WORK TO COMPLETE:
Within the records below, find the line with "Little Nightmares está" and the line with "nana diapers economy l4 36pc", then reproduce exactly those two lines and all lines between them, without any picture.

GIVEN RECORDS:
--

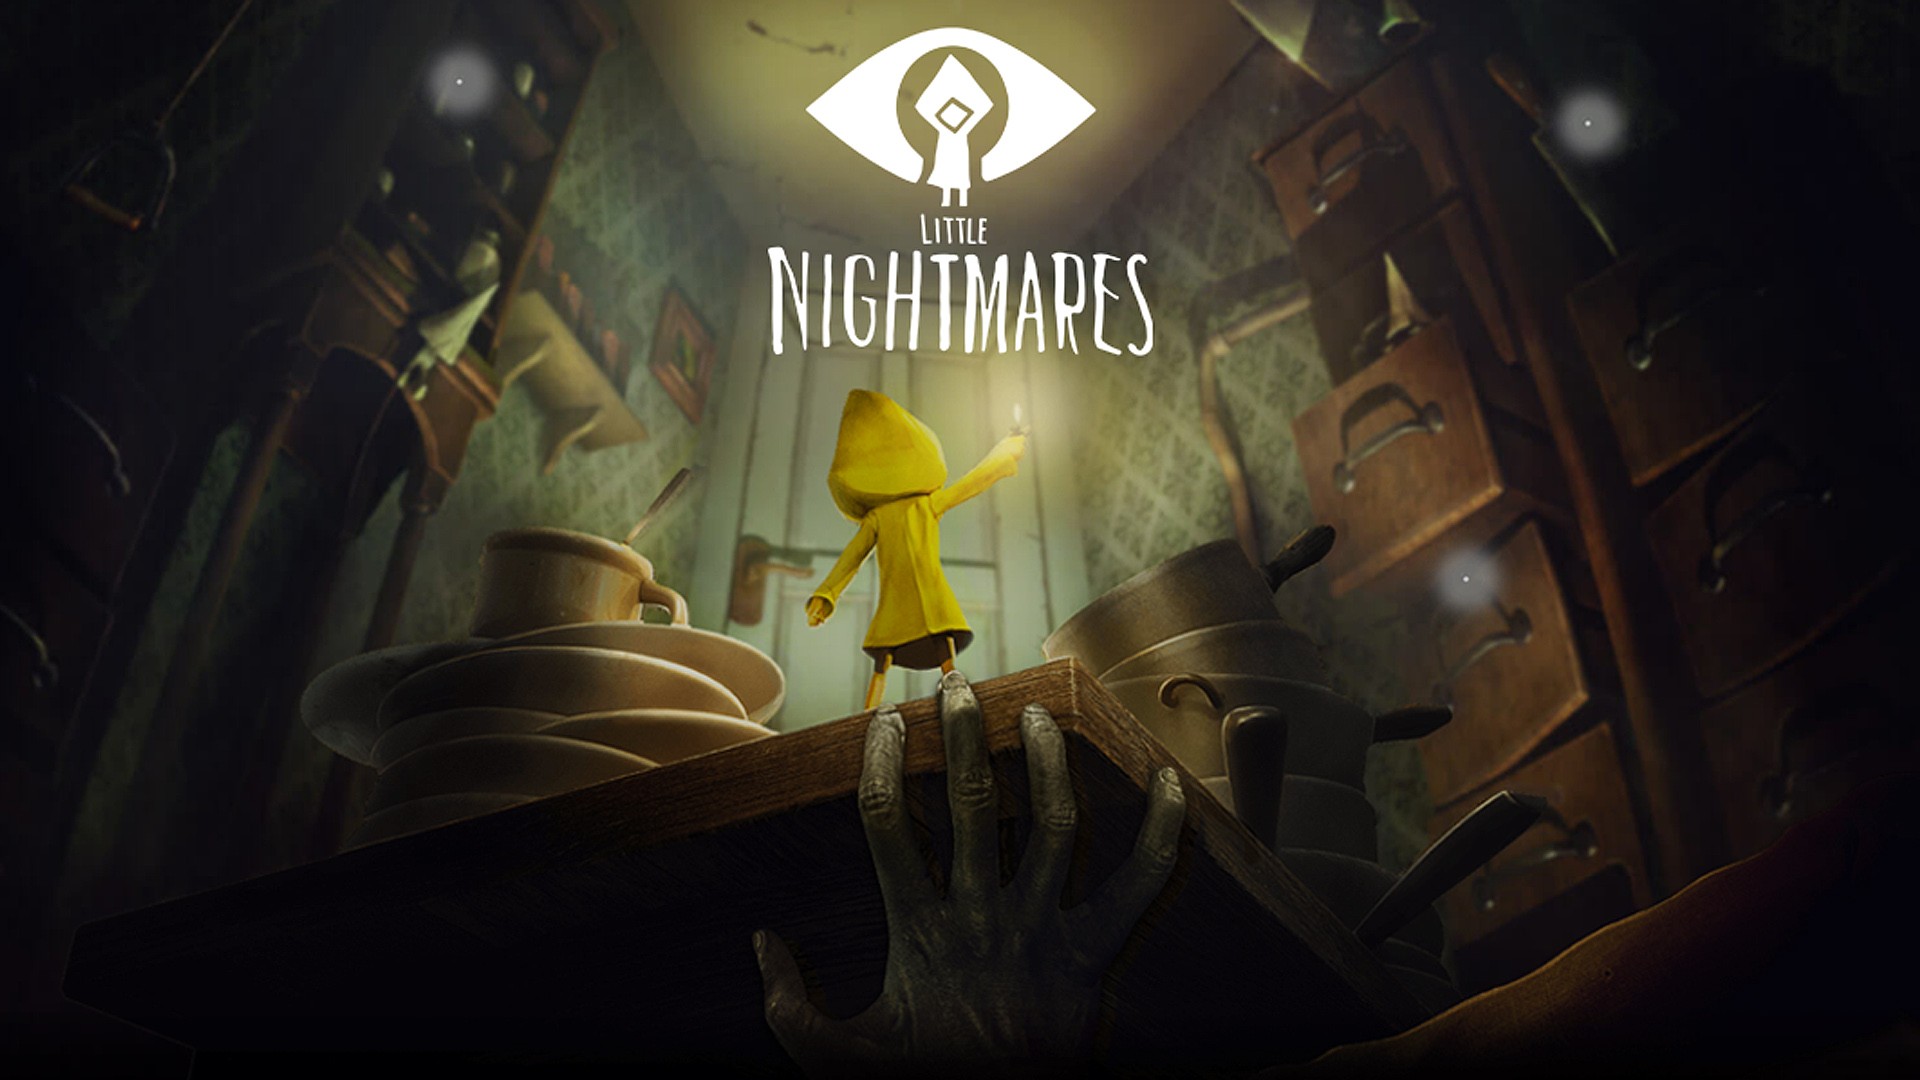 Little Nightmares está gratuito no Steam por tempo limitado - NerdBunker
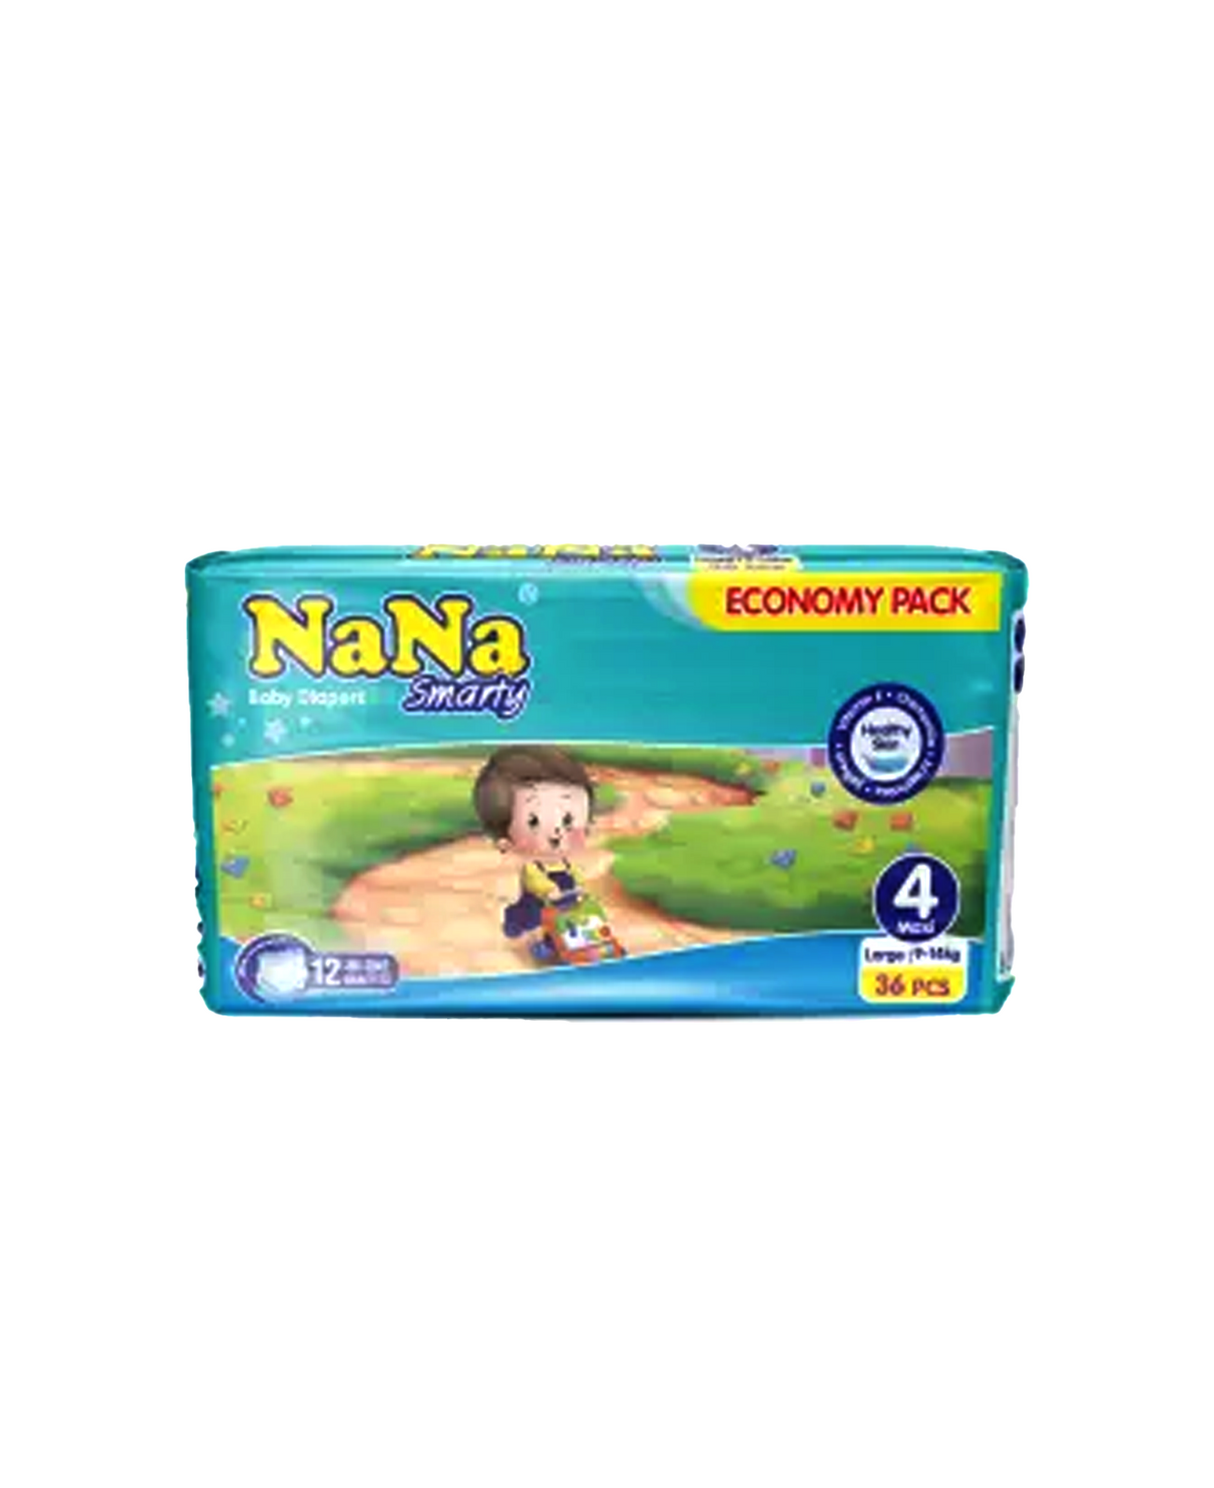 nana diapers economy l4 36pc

--

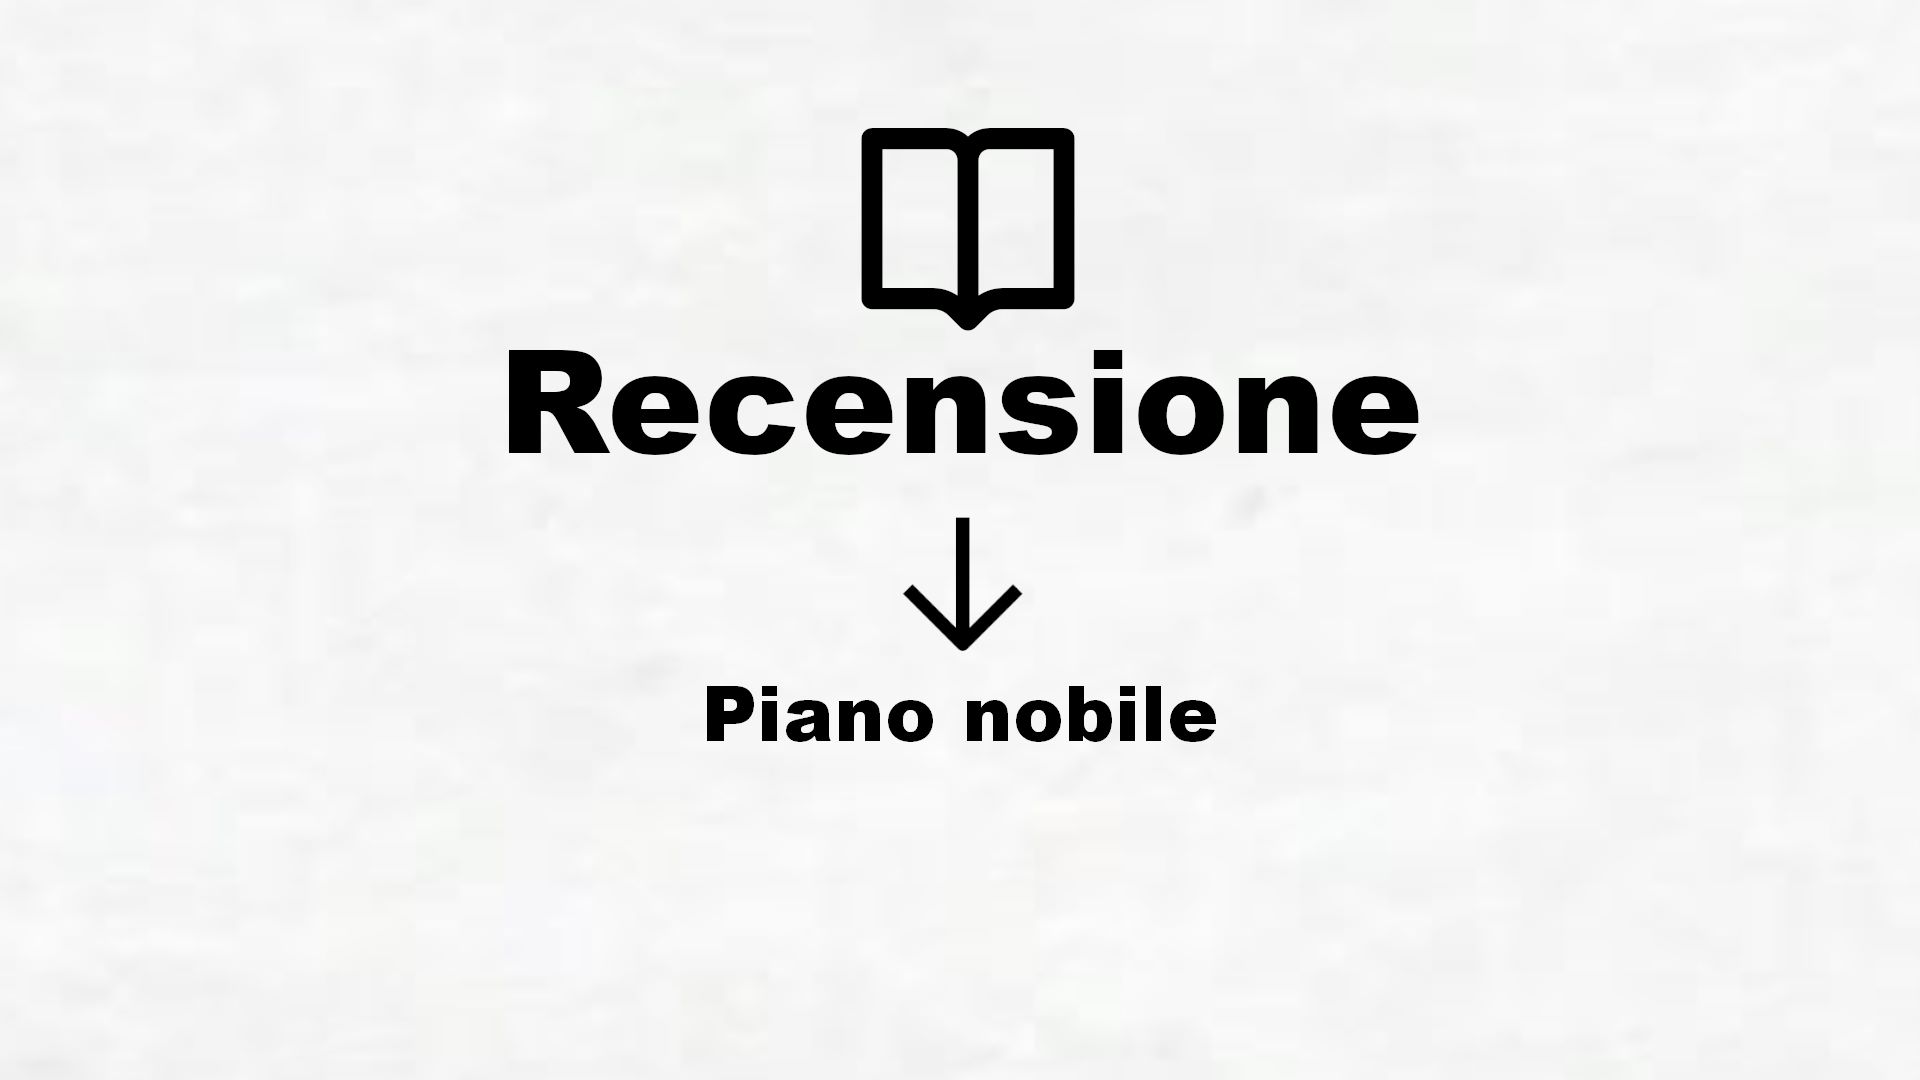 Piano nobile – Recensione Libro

--

ANSWER TO THIS PROBLEM:
 Little Nightmares está gratuito no Steam por tempo limitado - NerdBunker
 nana diapers economy l4 36pc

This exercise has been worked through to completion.